Practical Applications
Immediate Applications
The following applications can be deployed now using the released code, open-weight checkpoints, and datasets, or with modest post-training/fine-tuning. Each item includes suggested sectors and possible tools/workflows, plus key assumptions/dependencies.
- Synthetic data engine for vision and robotics
- Sectors: robotics, autonomous driving, smart infrastructure, media
- What: Use Cosmos3-Super/Nano (and post-trained Text2Image/Image2Video) to generate high-diversity images/videos for perception model pretraining, rare-event augmentation, and domain balancing; leverage open SDG datasets (e.g., SDG-DriveSim, SDG-Warehouse, SDG-RobotSim) to bootstrap domain-specific corpora.

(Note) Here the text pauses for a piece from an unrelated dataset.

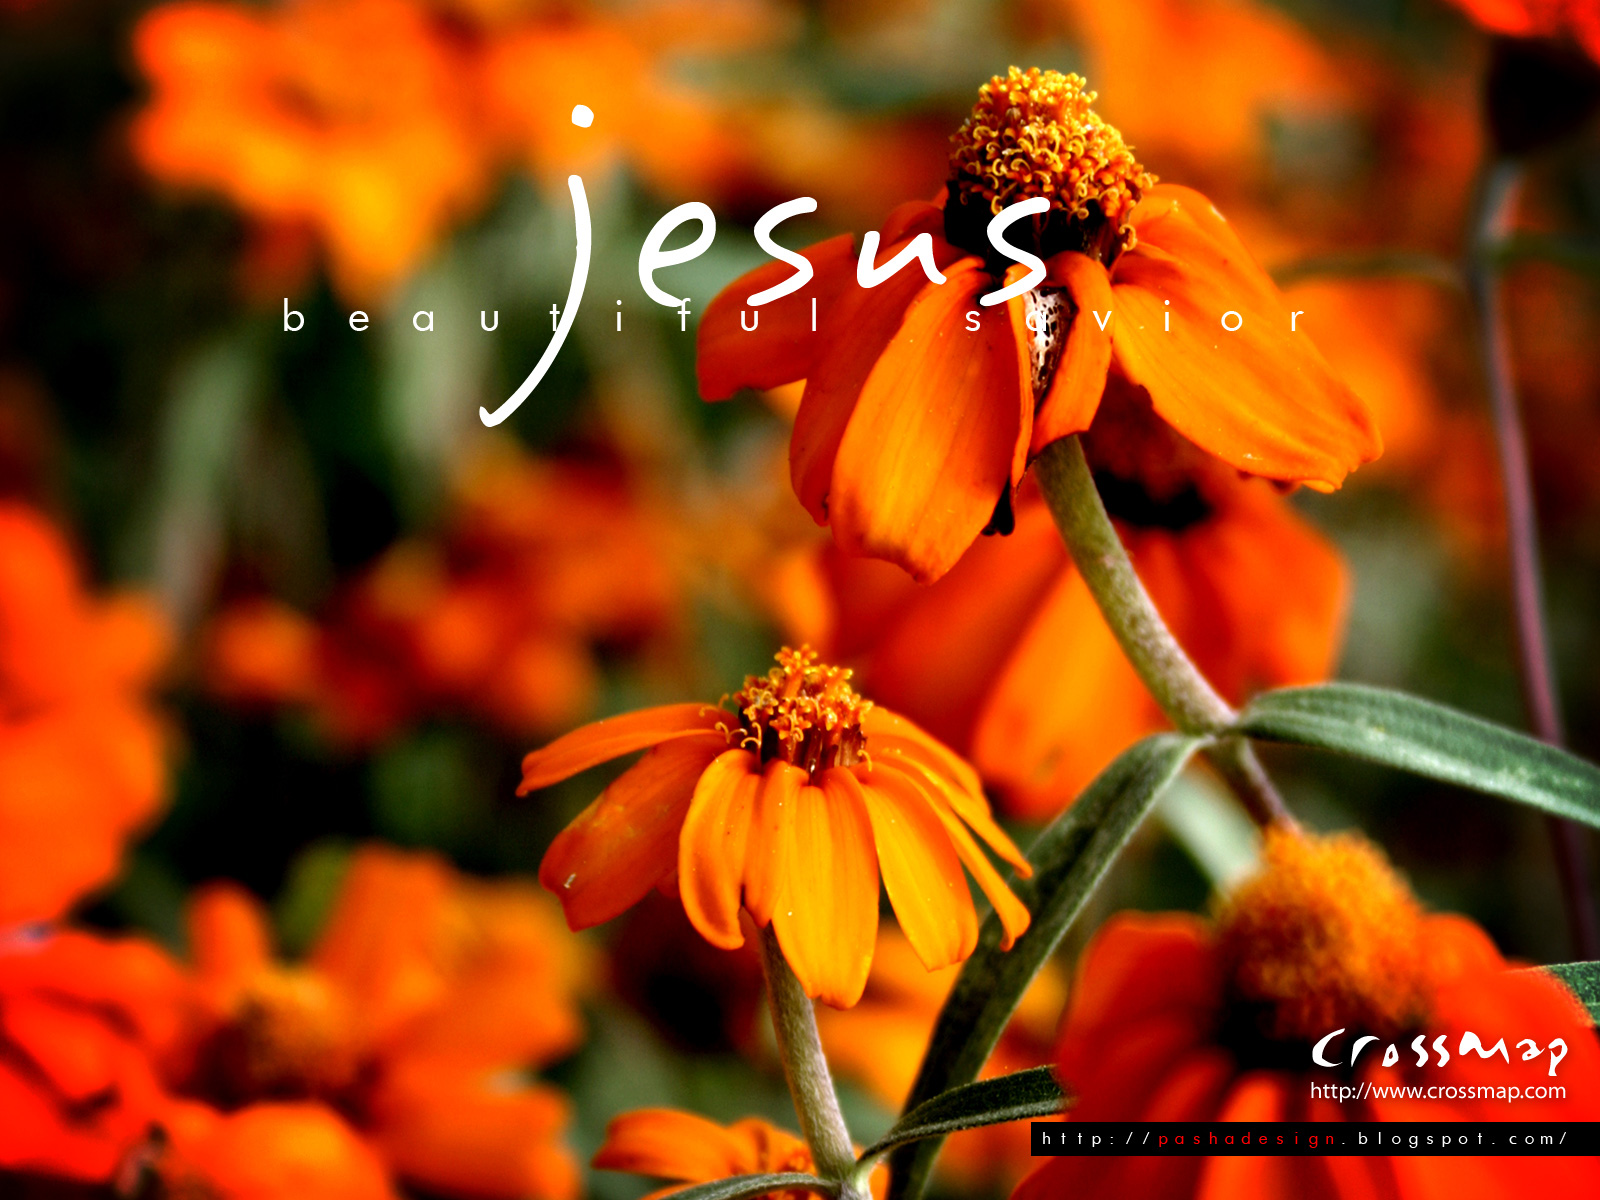 Jesus Beautiful Savior 3 | Christian Photographs | Crossmap ...

- Tools/workflows: “Data factory” pipelines that script prompts + control-video (depth/edges) for targeted data; automatic curriculum generation via Image-to-Video and Video transfer; integrate with MLOps data versioning and evaluation via Cosmos-HUE.
- Assumptions/dependencies: GPU capacity for diffusion inference; prompt and control-signal engineering; data governance (copyright/consent) and content provenance; sim-to-real validation.

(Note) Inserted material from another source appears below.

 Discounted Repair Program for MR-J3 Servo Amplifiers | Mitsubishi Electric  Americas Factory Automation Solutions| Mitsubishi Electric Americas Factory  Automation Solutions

- Unified multimodal evaluation and benchmarking
- Sectors: academia, industry R&D, public sector labs
- What: Use Cosmos-HUE and the MoT-based reasoner for standardized assessment across understanding, generation, and action; compare ablations and fine-tuned variants in a single protocol.
- Tools/workflows: Continuous evaluation in CI; regression dashboards for multimodal KPIs (reasoning, T2I/T2V quality, policy success).
- Assumptions/dependencies: Agreement on metrics for cross-modality evaluation; reproducible evaluation harnesses.
- Robotics policy prototyping and imitation learning
- Sectors: robotics (R&D labs, warehouse automation), education
- What: Post-train Cosmos3-Nano on task data (e.g., DROID) to obtain world-action models and policies; use forward/inverse dynamics for rollouts and action inference from demonstrations.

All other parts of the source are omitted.